Some fear a bad outcome is inevitable. “The risk that our downside scenario materializes - that China’s economy will suffer a hard landing - appears to have increased appreciably and is now close to being our baseline assumption,” says Clare Howarth of Oxford Economics. “This would mean average GDP growth closer to 4 percent over the next five years rather than our baseline forecast of 5.8 percent.” (China’s target is 7 percent.)

If so, Zhou’s go-slow approach will be remembered harshly. But in the meantime, he seems content to take his inspiration from monetary policy makers who avoided pressure to cut rates and spoke truth to power. Zhou is channeling not just his mentor Zhu, but also the West’s most heralded monetary mavericks.
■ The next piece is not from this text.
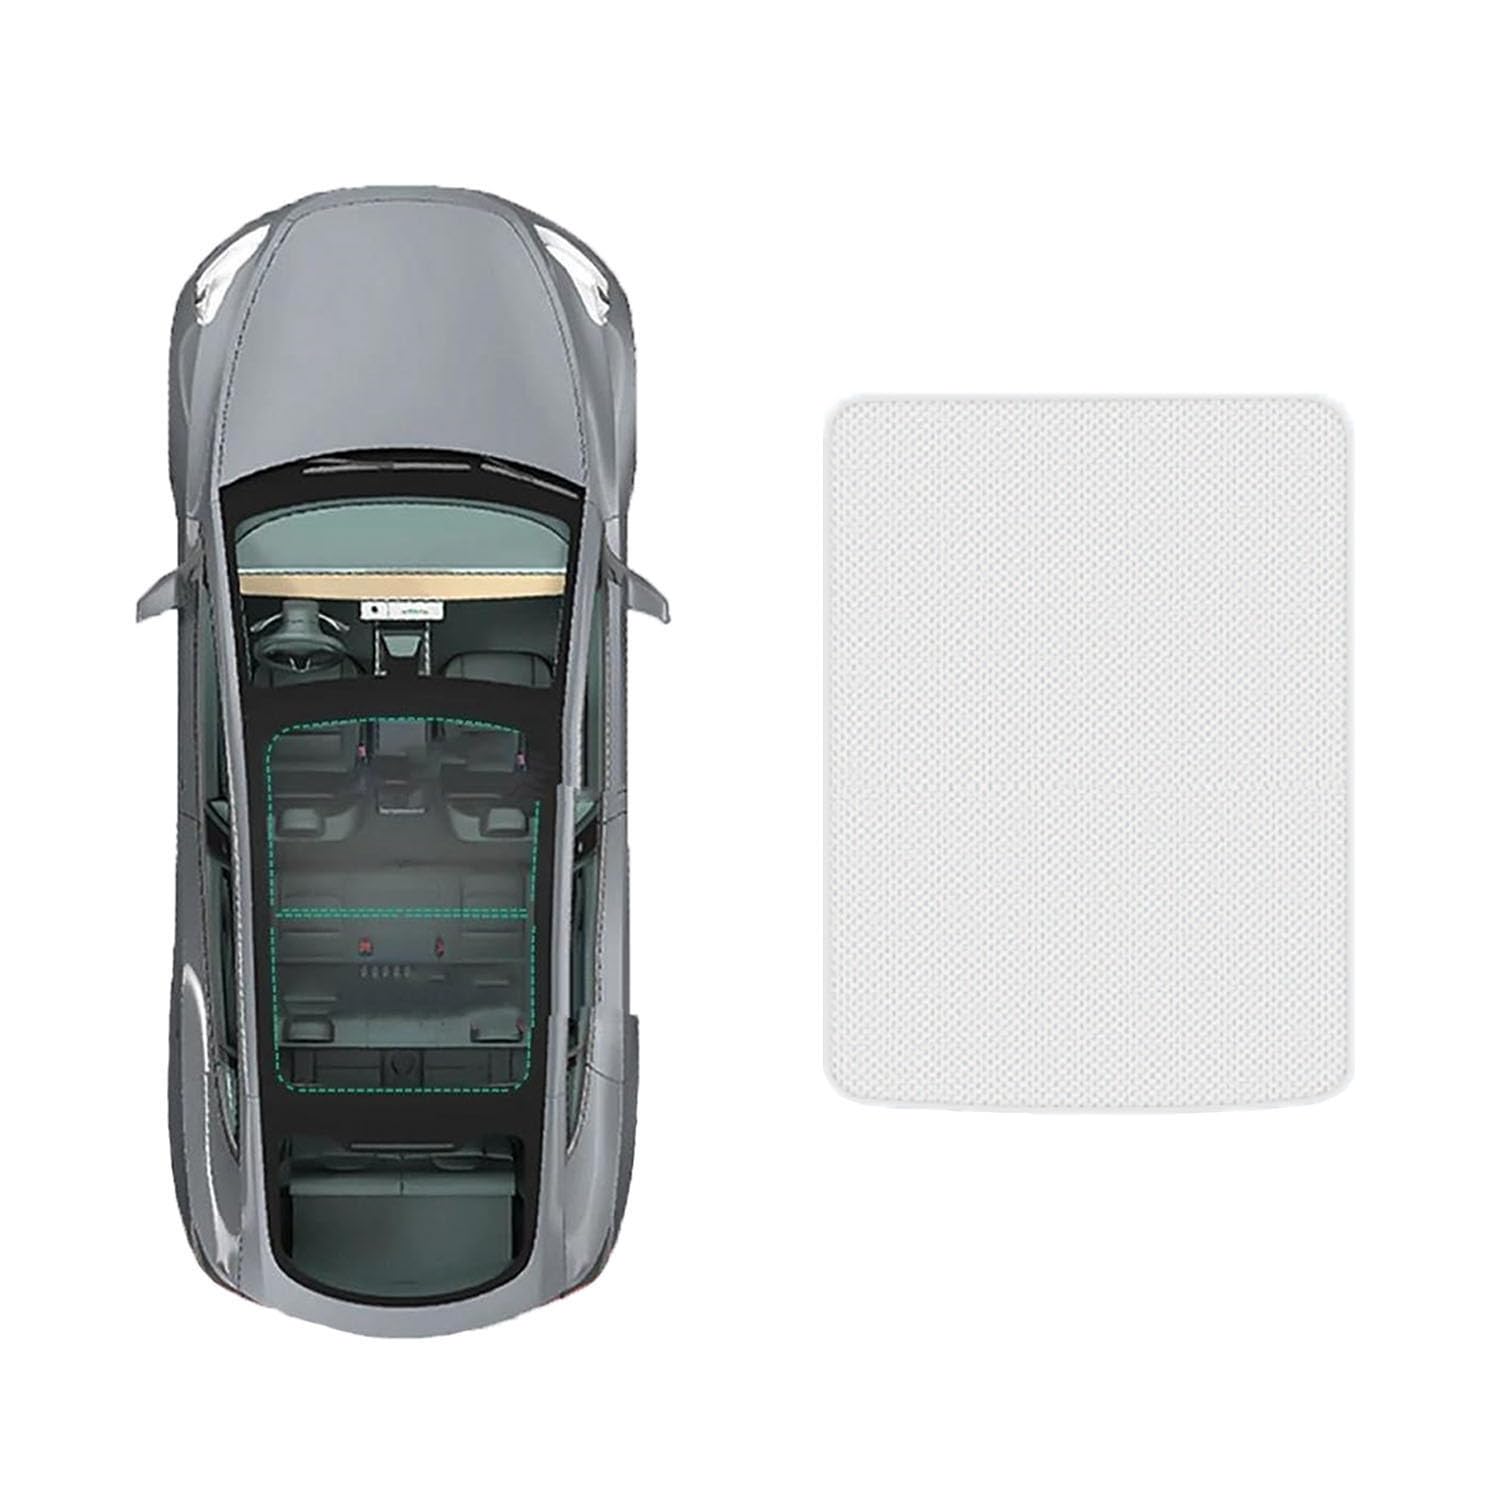 Für VW CC 2010-2015 Auto-Schiebedach-Beschattung,Dach Wärme Isolierung Anti-UV Visier Auto Zubehör,A-Gray white regular Style von ANRAM

Those include European Central Bank chief Mario Draghi and Paul Volcker, whose fierce independence during his stint running the Federal Reserve from 1979 to 1987 is among the proudest chapters of modern central banking.

Xi is facing pressure from the country’s economic elites to put off further reforms, and Zhou is among the few people in China who has the gravitas to play the role of honest broker. It’s comforting to see that he feels up to the challenge.

*The author is a Bloomberg View columnist based in Tokyo and writes on economics, markets and politics throughout the Asia-Pacific region.